День защиты детей в нашем сознании давно трансформировался в ежегодный праздник, когда родители ведут малышей в парк и угощают мороженым. Но в первую очередь эта дата – напоминание о том, что многие маленькие люди нуждаются в нашей помощи и защите. И не только они, но часто и их семьи.
Как можно помочь стать хорошими родителями и не допустить фактического сиротства при живых родных, корреспондент «АиФ-Ростов» выяснила у директора благотворительного фонда помощи детям «Доброе дело» Татьяны Аладашвили.
Взять маму за руку
– Татьяна, раньше фонд занимался исключительно помощью сиротам. Сейчас вы помогаете ещё и семьям, которые попали в критические ситуации. С чем связана эта переориентация?

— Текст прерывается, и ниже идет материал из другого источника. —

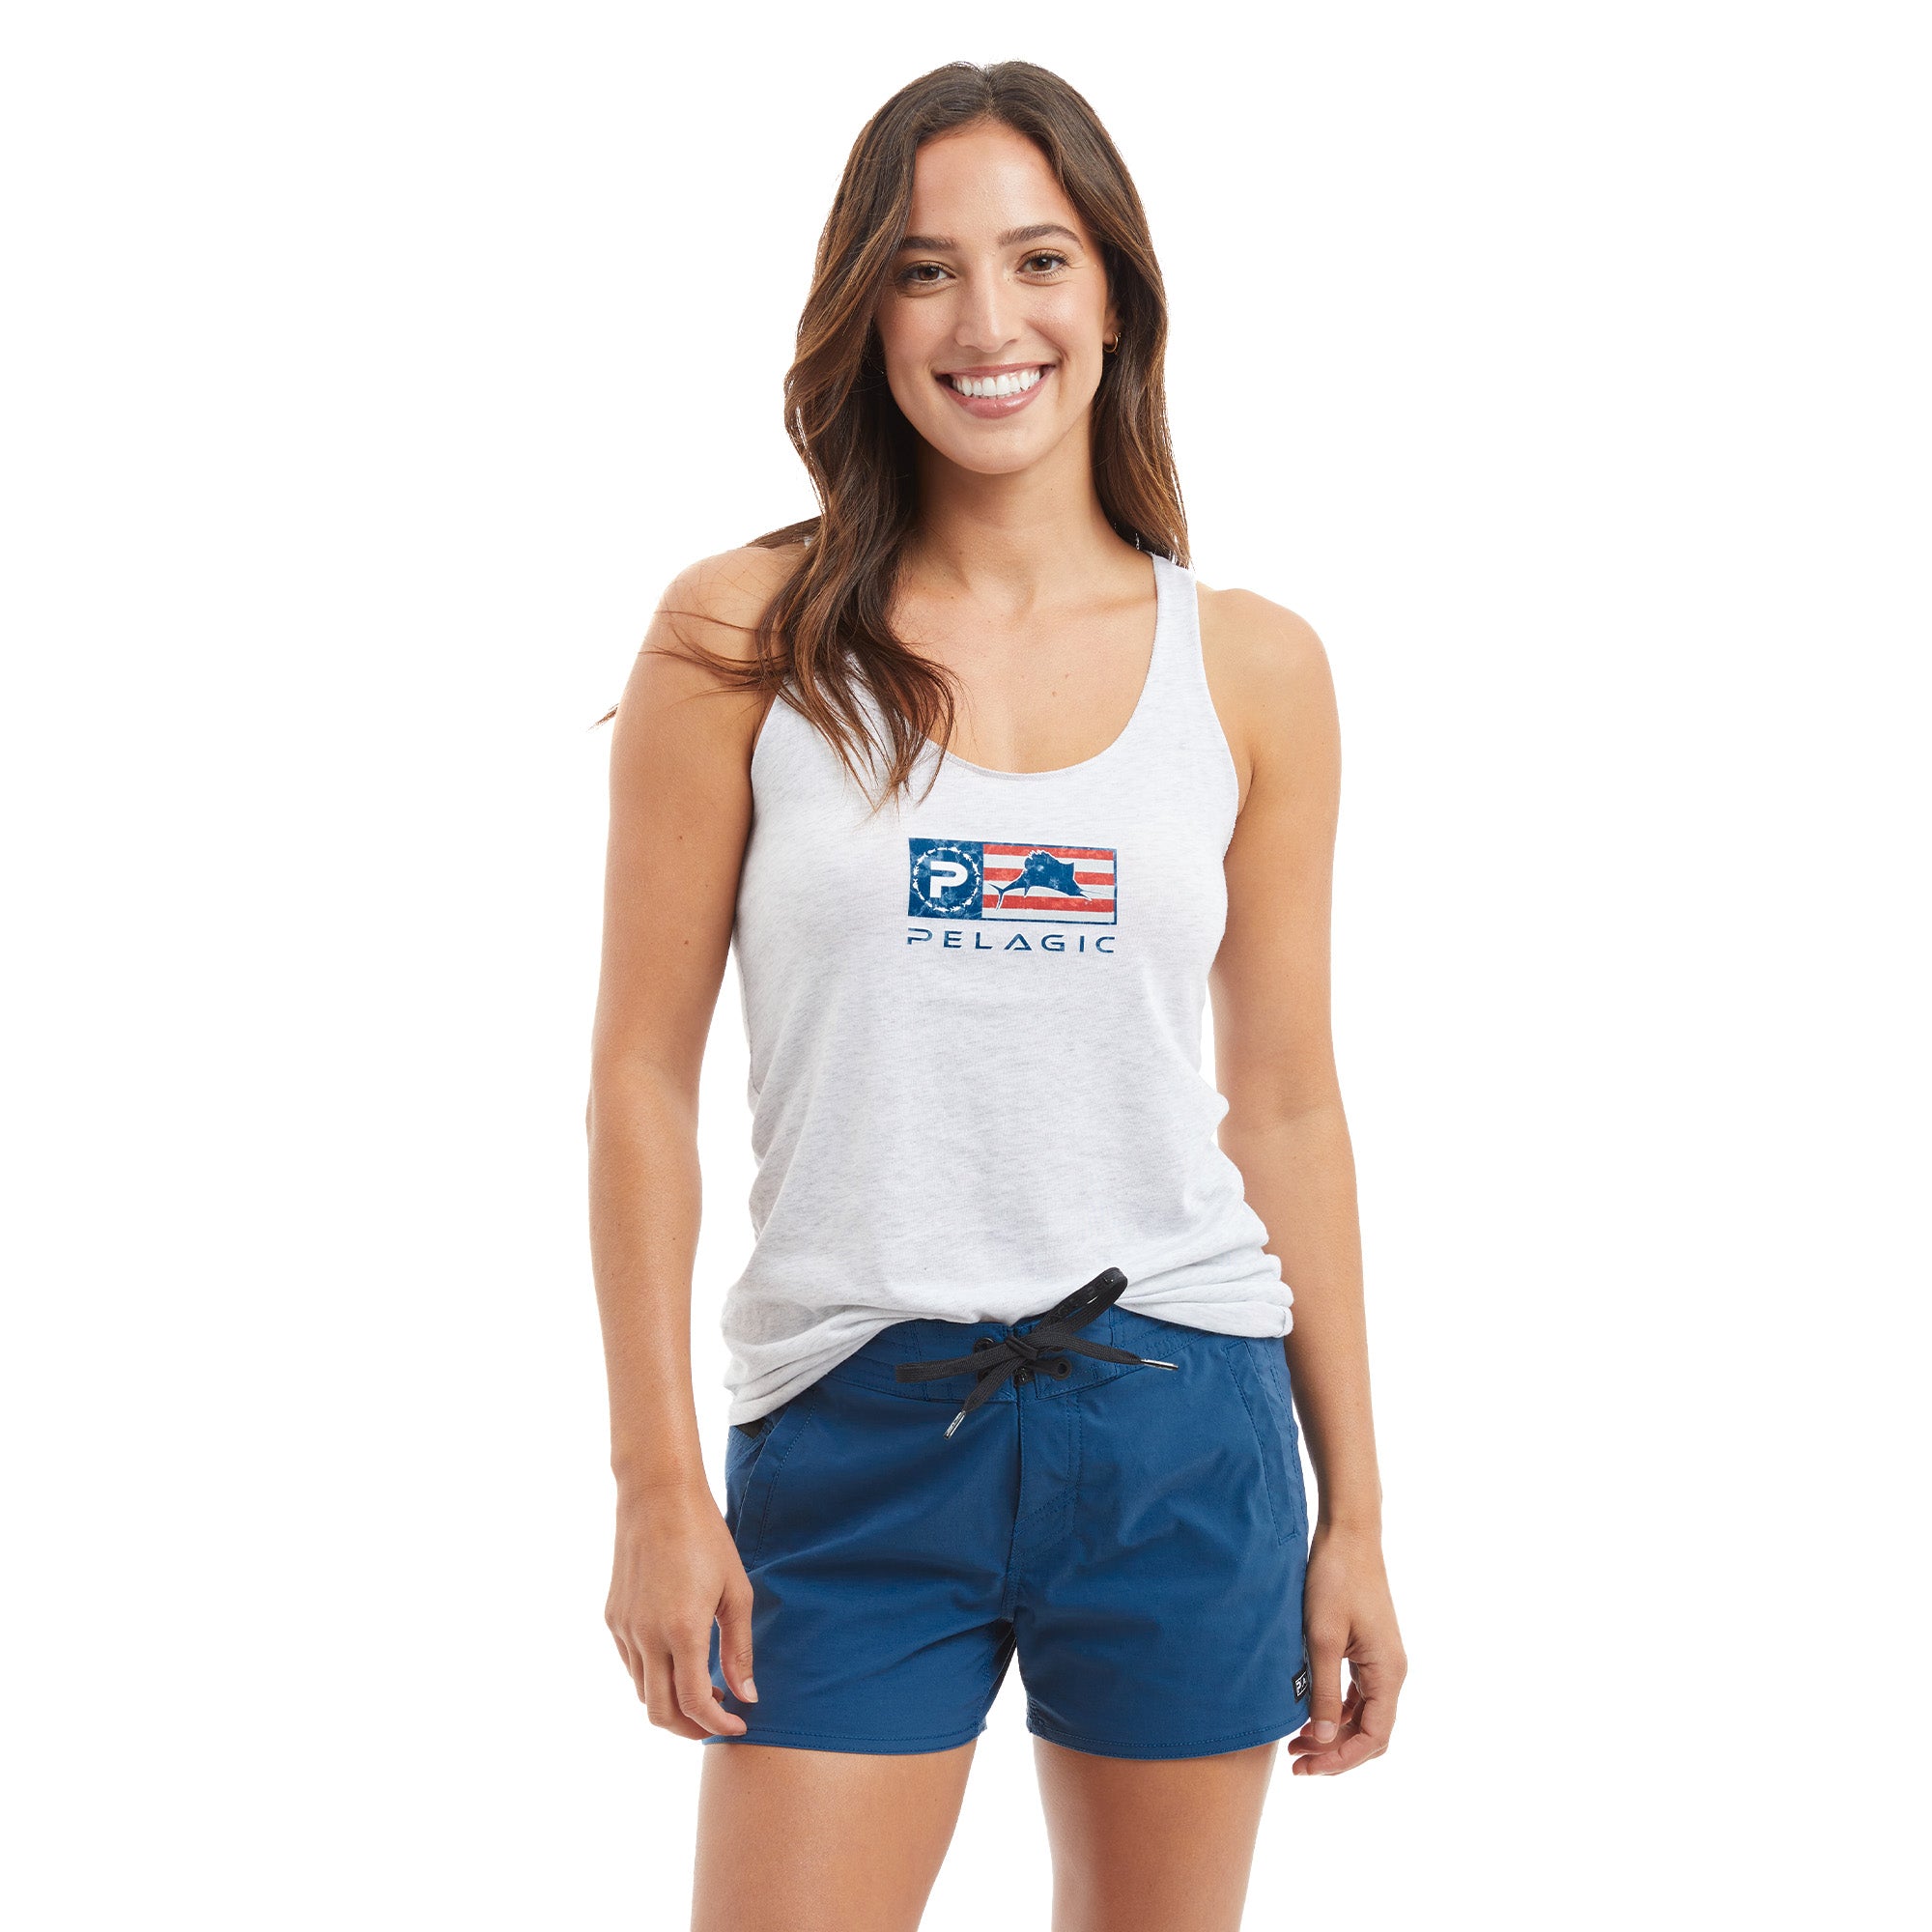 OLD NAVY Women's 2022 or 2023 US Flag T-SHIRT, Size up to XXL

– Когда мы только начинали, действительно, была цель помочь ребятам в детских домах. Но быстро пришло понимание, что дети как поступали в детские учреждения, так и поступают. А тем, что мы возим им подарки, игрушки, задаривая сирот, мы делаем только хуже – усугубляем иждивенческую позицию и провоцируем выученную беспомощность. По сути, ребёнок осознаёт, чтобы что-то получить, ничего делать не нужно, достаточно быть сиротой. Волонтёры сами всё подарят, сами всё привезут.
– А чем тогда можно помочь сироте?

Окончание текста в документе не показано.